Derek Brewster’s Adventure Trail

BORNE BY DESIGN!

Quilled games began to surface in 1984. The Quill utility from Gilsoft was a mixed blessing. On the one hand it allowed programmers to develop complex programs without the need to worry about how these programs might be implemented. This improved access allowed people with imagination and flair to produce original software. On the other hand The Quill gave access to many dabblers who, quite frankly, should never have produced software. Their heads full of nonsense put about by the frivolous press about easy money, they thought writing software was much easier than it actually is.

Writing a computer game is no different to writing any other game, whether for a board or a television studio. It must possess enough fine qualities to make the player actually want to get involved and to spend some time getting to know the rules. Once the player has finished playing he/she should wonder at how clever the whole game’s design was and how well it played.

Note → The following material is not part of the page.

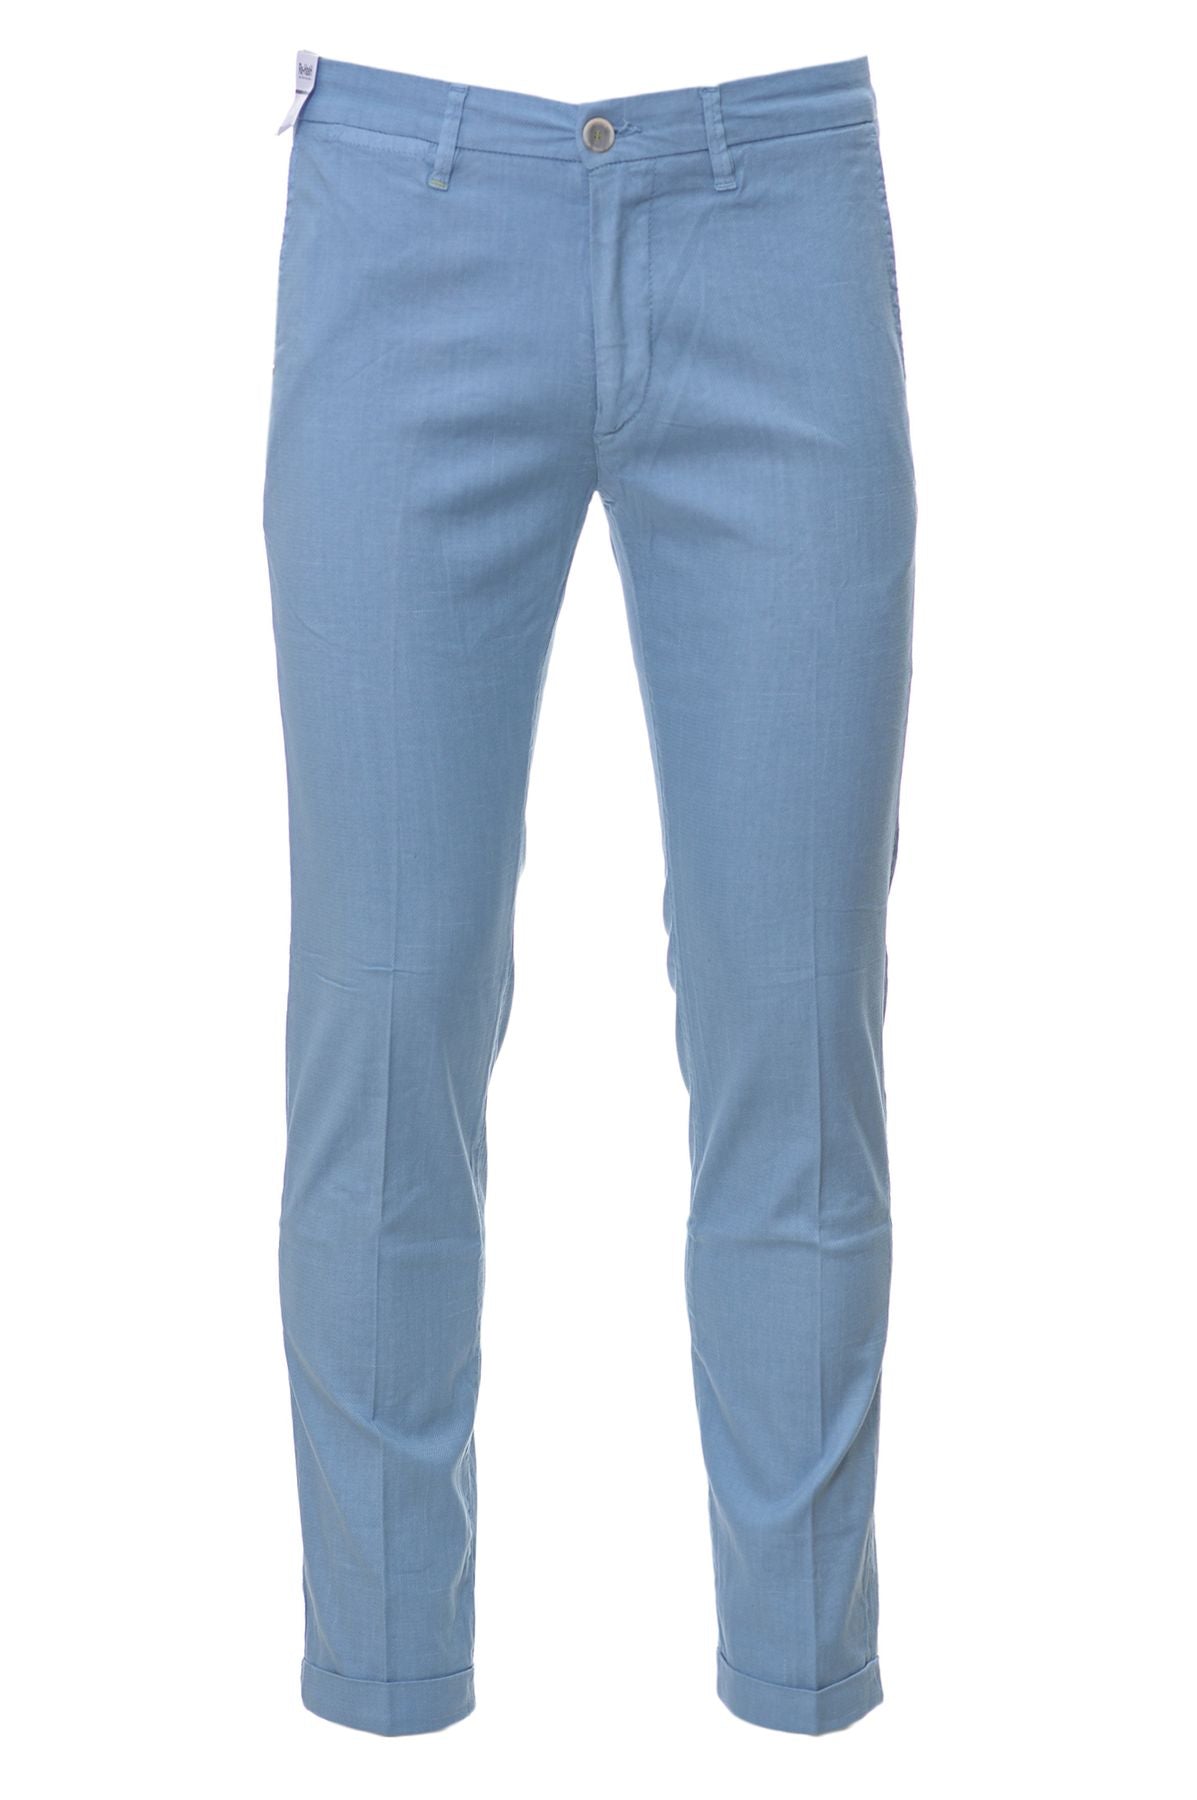 Re-HasH Spring/Summer Cotton Trousers
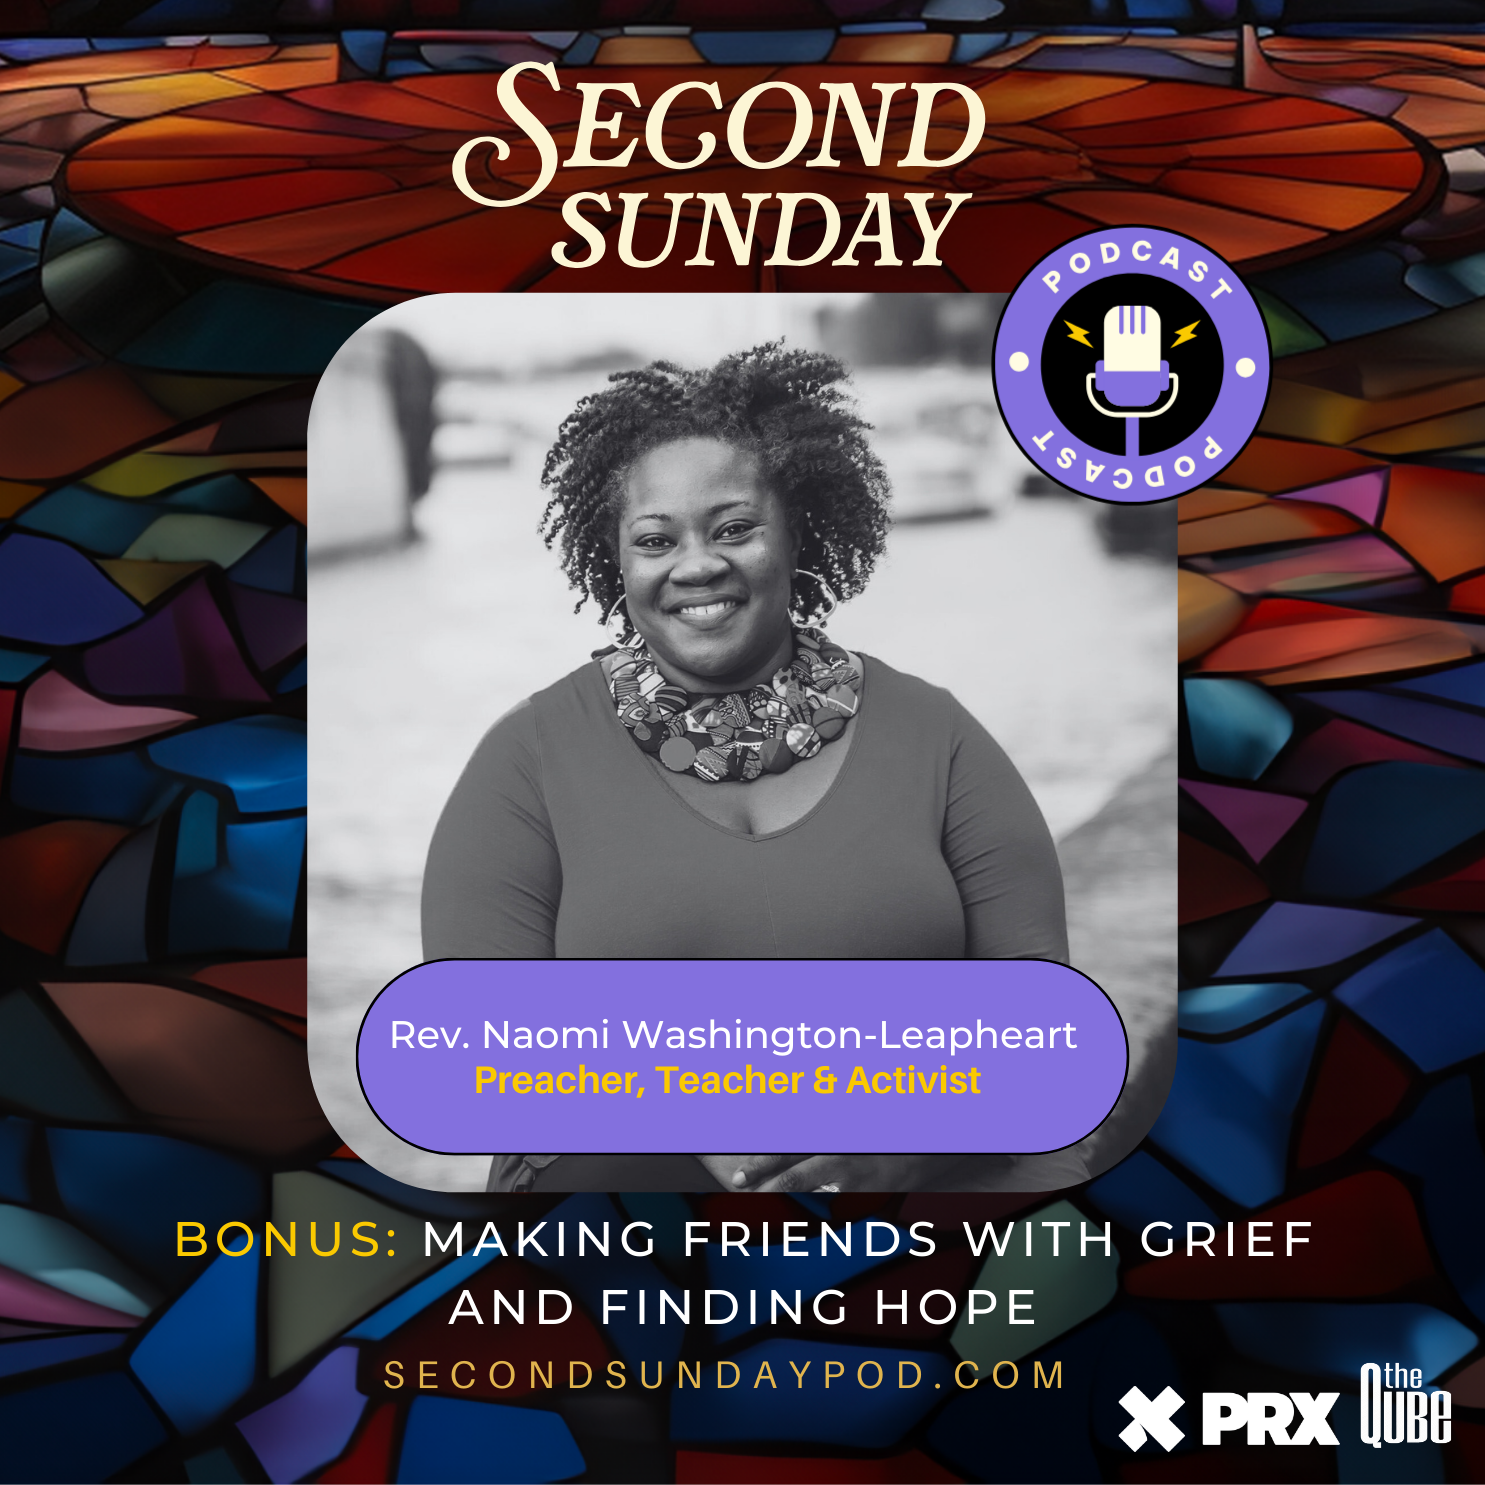 BONUS: Making Friends with Grief and Finding Hope with Rev. Naomi Washington-Leapheart

Although The Quill imposes severe restrictions upon the design of a game it is clear from analysing the charts that this is not such a fundamental factor in determining the success or failure of a Quilled adventure. Hampstead was a Quilled game and a chart success. The reasons for this seemingly anomalous situation lie in that game’s refreshing originality and cutting humour (notice cutting humour, not slapstick which was surpassed soon after Laurel and Hardy and only lives on in BBC comedies). Tower of Despair did not make the charts but it had an imaginative story and was well laid out with a fine redesigned character set.

The factors which link good adventures are borne of the thought, design and discussion which precedes their implementation. Even in the case of an all machine-coded adventure, the design stage takes more time than the coding.